Next, a metal layer is formed on the exposed aluminum member at the bottom of the pore using Zn (zinc). In addition, in the barrier layer removal process, a metal layer composed of Zn is formed at the bottom of the pore while removing the barrier layer using an alkaline aqueous solution containing Zn ions. In Example 1, a metal layer other than the valve metal is formed in an area of more than 80% of the area of the bottom of the pore, which is the area ratio of the metal layer composed of Zn. In addition, the area ratio of the metal layer other than the valve metal is recorded as "area ratio other than the valve metal" in Table 2. In addition, the area ratio other than the valve metal is calculated as the average value by cutting the anodic oxide film in the thickness direction using FIB (Focused Ion Beam) and taking surface photographs of 10 fields of view (50,000 times magnification) of the cross section using FE-SEM, measuring the area ratio of the Zn layer formed on the surface of the aluminum member where the pores are exposed in each field of view.
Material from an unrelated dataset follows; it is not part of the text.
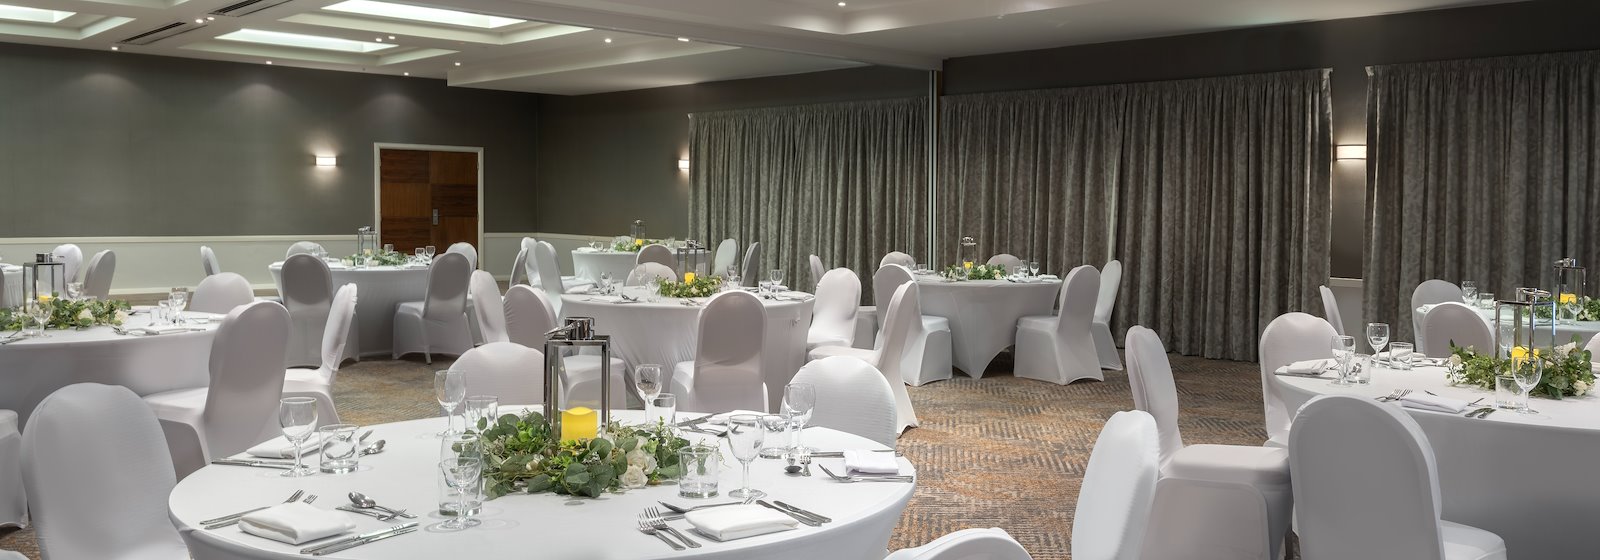 wedding party function rooms peterborough
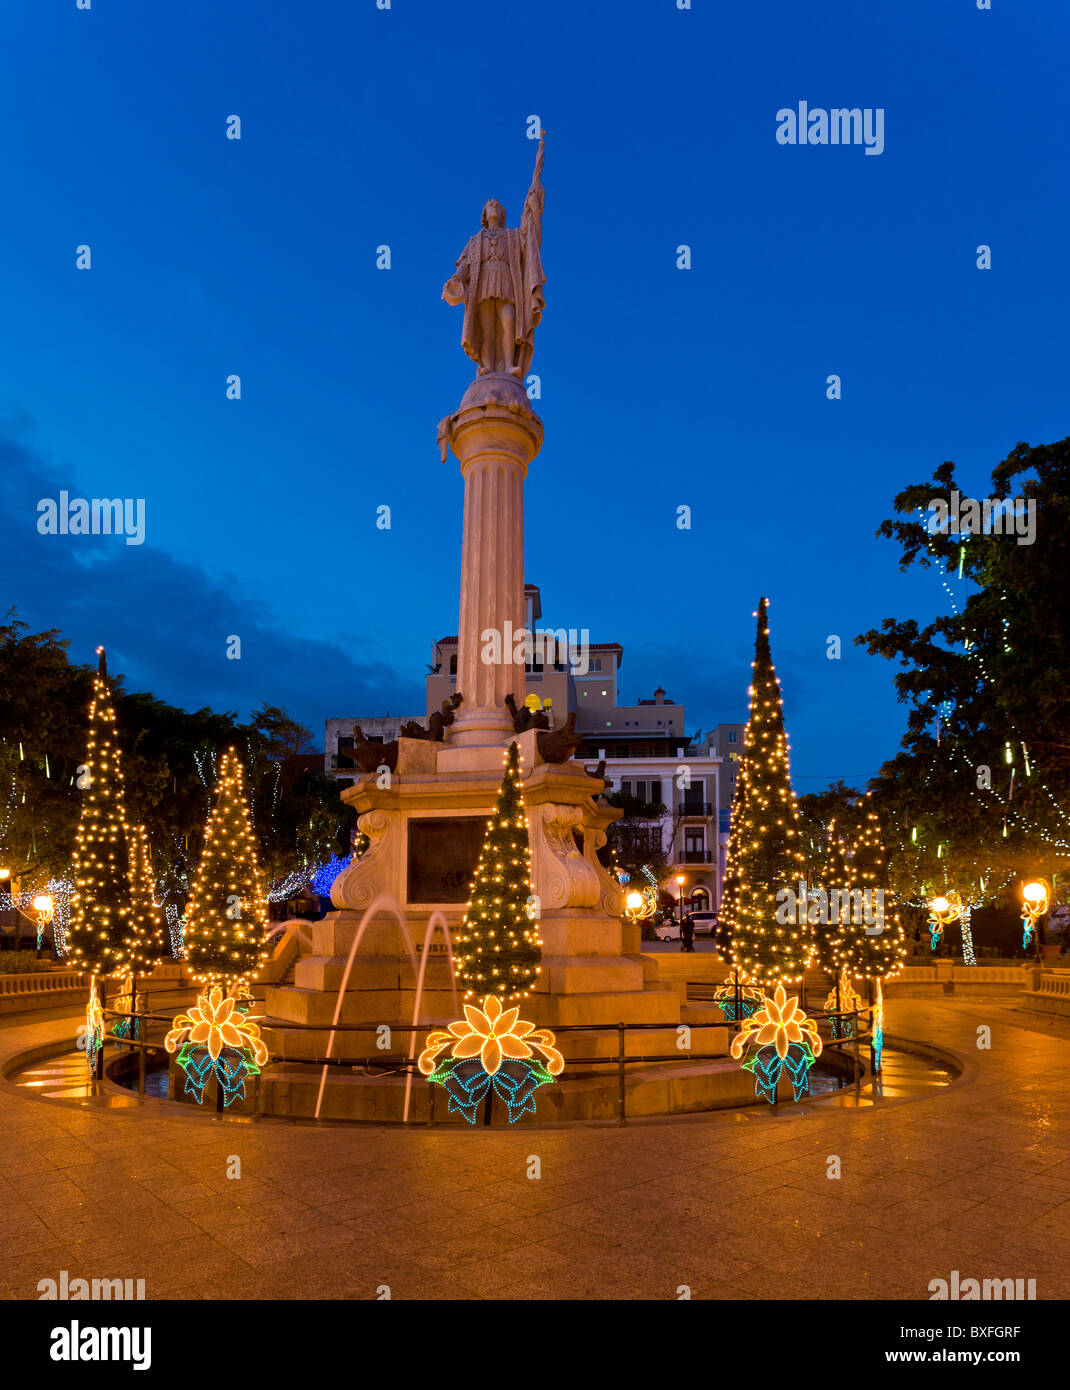 Plaza Colon in old San Juan with statue of Cristobol Colon surrounded by xmas trees and illuminations Stock Photo

<Metal filling process> Next, the aluminum member with the anodic oxide film formed thereon was plated in a supercritical state with the aluminum member as the cathode and platinum as the positive electrode. The copper plating solution shown below was used for the metal plating. In addition, a supercritical state was achieved by using carbon dioxide and setting the temperature to 35°C and the pressure to 15 MPa. The metal plating was performed in a supercritical state. In addition, the electroplating device shown in FIG. 12 was used for the metal plating.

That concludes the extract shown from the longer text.